O caso dos atos trata-se de ação monitória ajuizada por COOP DE ECONOMIA E CRÉDITO MÚTUO DOS MAG E SERV DO POD JUDICIÁRIO E ÓRGÃOS JURÍDICOS ESTADUAIS E FEDERAIS NA GRANDE TERESINA (SICOOB JURISCRED/PI), por meio da qual afirma-se a existência de dívida de R$ R$ 7.024,81 (sete mil e vinte e quatro reais e oitenta e um centavos).


O Código de Processo Civil, no artigo 700, afirma que a ação monitória pode ser proposta por credor que, com base em prova escrita sem eficácia de título executivo, tiver direito de exigir do devedor capaz, in verbis:


Art. 700. A ação monitória pode ser proposta por aquele que afirmar, com base em prova escrita sem eficácia de título executivo, ter direito de exigir do devedor capaz:

I - o pagamento de quantia em dinheiro;

II - a entrega de coisa fungível ou infungível ou de bem móvel ou imóvel;

III - o adimplemento de obrigação de fazer ou de não fazer.

§ 1º A prova escrita pode consistir em prova oral documentada, produzida antecipadamente nos termos do art. 381 .

§ 2º Na petição inicial, incumbe ao autor explicitar, conforme o caso:

I - a importância devida, instruindo-a com memória de cálculo;

II - o valor atual da coisa reclamada;

III - o conteúdo patrimonial em discussão ou o proveito econômico perseguido.

§ 3º O valor da causa deverá corresponder à importância prevista no § 2º, incisos I a III.

§ 4º Além das hipóteses do art. 330 , a petição inicial será indeferida quando não atendido o disposto no § 2º deste artigo.

§ 5º Havendo dúvida quanto à idoneidade de prova documental apresentada pelo autor, o juiz intimá-lo-á para, querendo, emendar a petição inicial, adaptando-a ao procedimento comum.

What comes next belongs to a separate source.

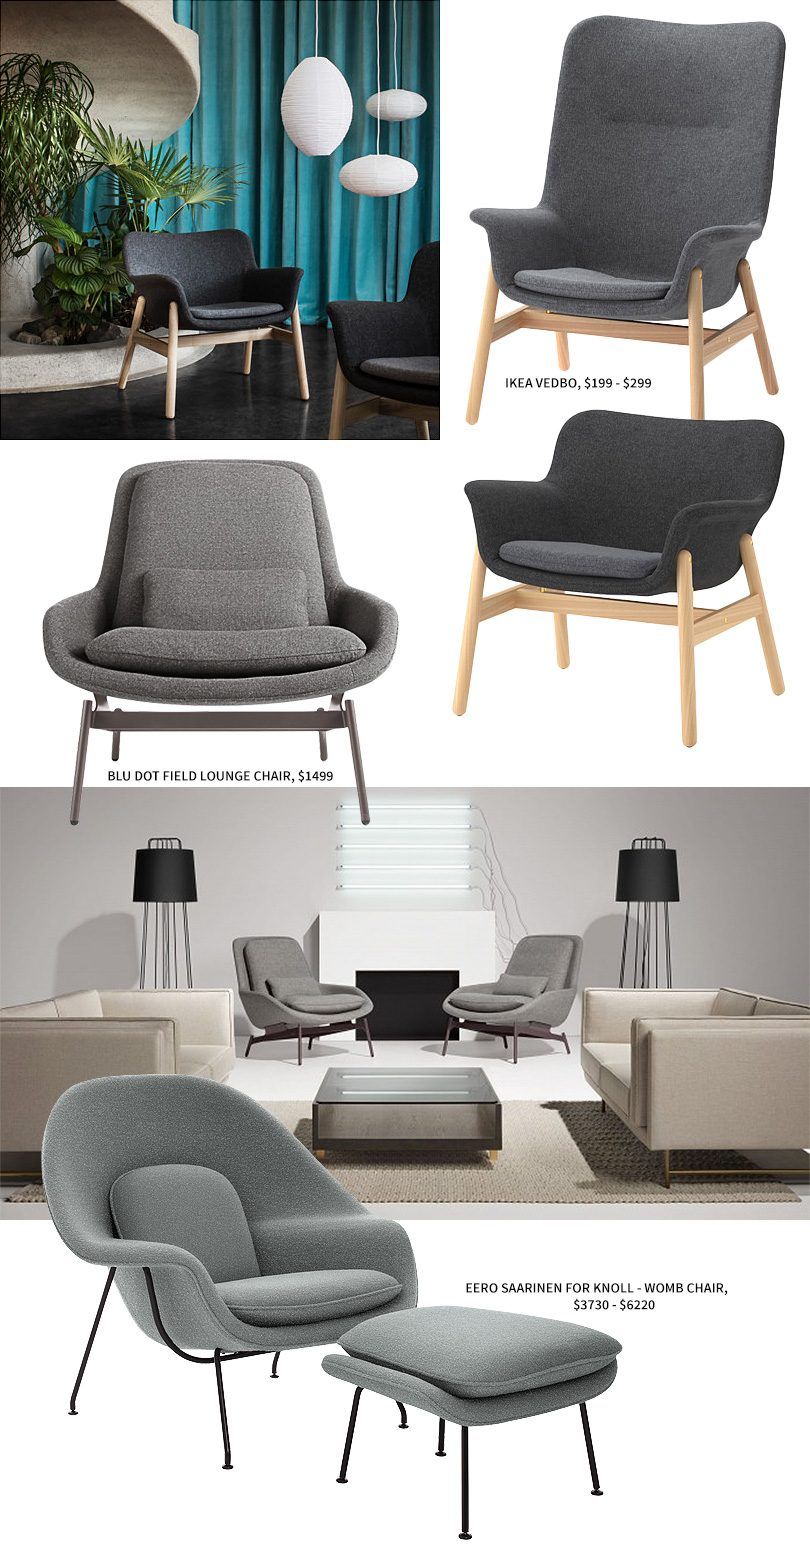 IKEA VEDBO vs. Blu Dot FIeld Lounge Chair vs. Eero Saarinen Womb Chair

§ 6º É admissível ação monitória em face da Fazenda Pública.

§ 7º Na ação monitória, admite-se citação por qualquer dos meios permitidos para o procedimento comum.

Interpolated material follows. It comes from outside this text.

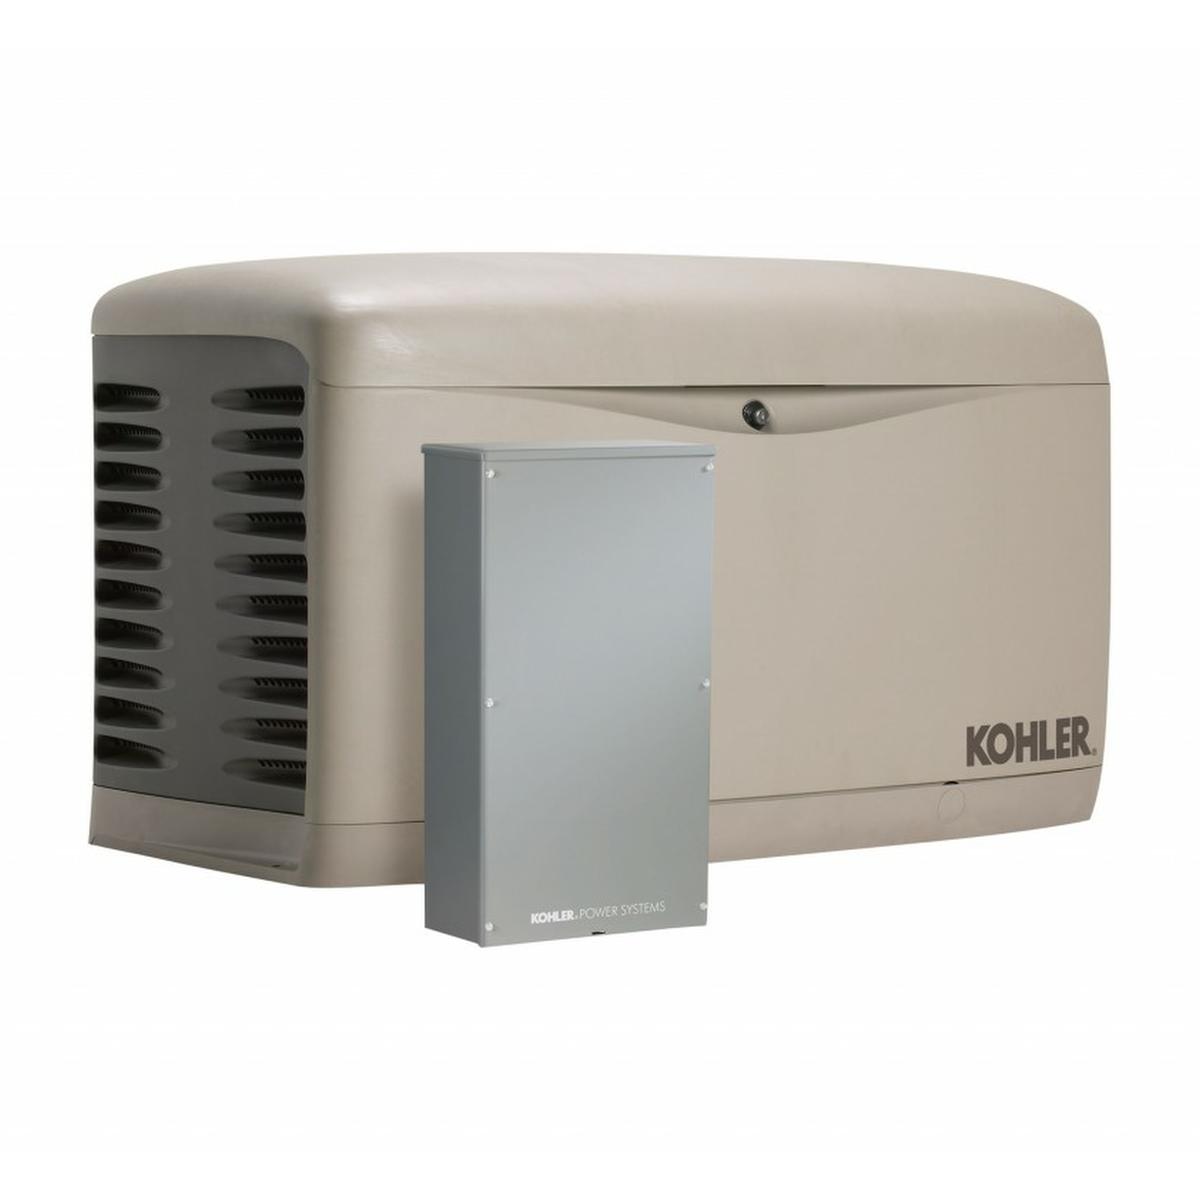 Kohler 14RESAL-200SELS 14kW Generator with 200A SE Transfer Switch

Conforme os autos, não existe prova do débito, apenas existem documentos sem carga probatória suficientes, para provarem a existência do débito litigado.

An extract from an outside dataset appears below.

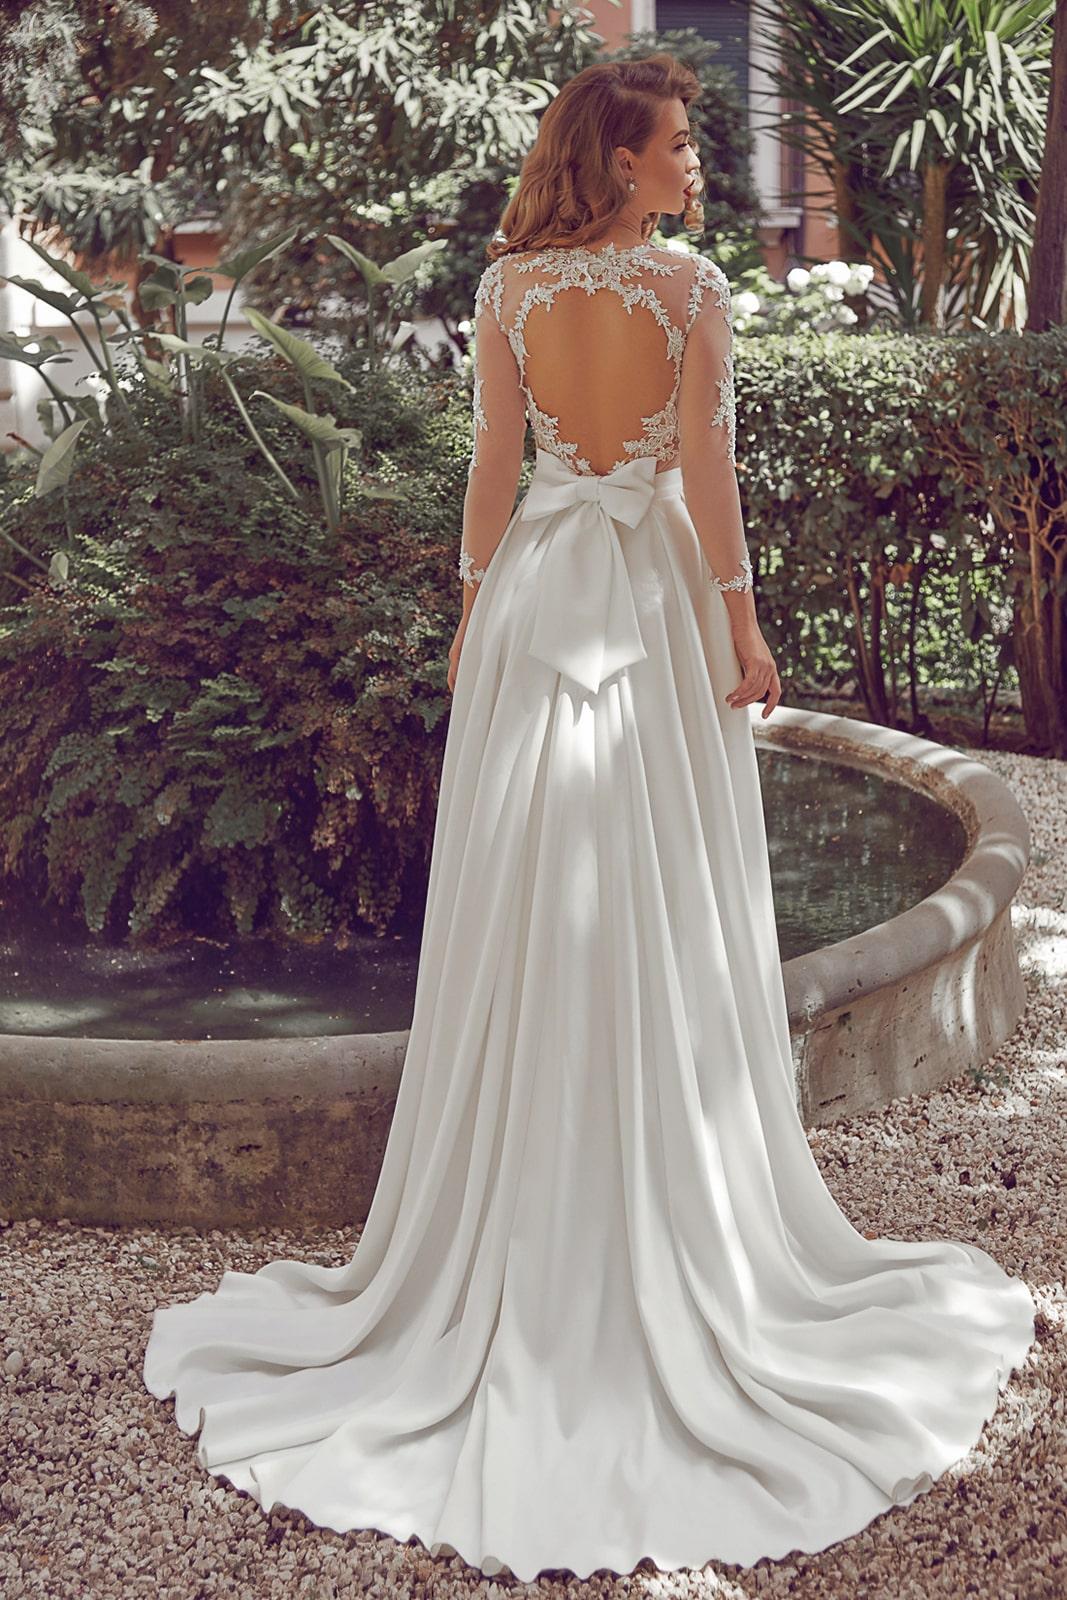 Narnia Model - Colectia Roma - Adora Sposa (3)

De forma análoga, junto precedente do Tribunal de Justiça do Distrito Federal e Territórios:



APELAÇÃO CÍVEL. DIREITO PROCESSUAL CIVIL. AÇÃO MONITÓRIA. COBRANÇA DE QUANTIA CERTA. CONTRATO DE CARTÃO DE CRÉDITO. PRELIMINAR DE INÉPCIA. AUSÊNCIA DE DEMONSTRATIVO DE DÉBITO. OBRIGATORIEDADE. ART. 700, § 2º, INCISO I, DO CPC SÚMULA Nº 247 E TEMA REPETITIVO Nº 474 DO STJ. PROVA VALOR TOTAL DA DÍVIDA, ACRESCIDA DE JUROS, CORREÇÃO MONETÁRIA E DEMAIS ENCARGOS. INSUFICIÊNCIA. AUSÊNCIA DE MEMÓRIA DE CÁLCULO. NÃO DEMONSTRAÇÃO DA ATUALIZAÇÃO DA DÍVIDA REMANESCENTE MÊS A MÊS. EMENDA À INICIAL. NÃO ATENDIMENTO. 1. Nos termos do art. 700, § 2º, I, e §§ 4º e 5º, do CPC, exige-se, em ação monitória, o atendimento dos requisitos de toda e qualquer petição inicial e daqueles especificados no procedimento especial. Nos termos da Súmula nº 247 e do Tema Repetitivo nº 474 do STJ, "A petição inicial da ação monitória para cobrança de soma em dinheiro deve ser instruída com demonstrativo de débito atualizado até a data do ajuizamento, o direito da parte de supri-la". 2. Para a cobrança de quantia certa, como é o caso de dívidas contraídas em contrato de cartão de crédito, é imprescindível a apresentação de demonstrativo do débito, com a respectiva memória de cálculo, sob pena de indeferimento da petição inicial, facultada a emenda à petição inicial para sanar o vício. 3. Intimada a parte para emendar a petição inicial e anexar planilha discriminada do débito, para verificação do valor principal, da multa, etc., a juntada de documentos comprobatórios das taxas incidentes pelo uso do cartão de crédito não supre a falta do demonstrativo do débito que fez originar o montante exigido, com a respectiva memória de cálculo. 4. A ausência de apresentação do demonstrativo de débito, para a comprovação, mês a mês, dos valores devidos remanescentes pelo não pagamento integral das faturas, com respectivas incidências dos juros, correção e encargos devidos sobre cada valor pendente de pagamento, implica extinção do processo, sem resolução do mérito, por inépcia da petição inicial. 5. Preliminar acolhida. Recurso conhecido e provido.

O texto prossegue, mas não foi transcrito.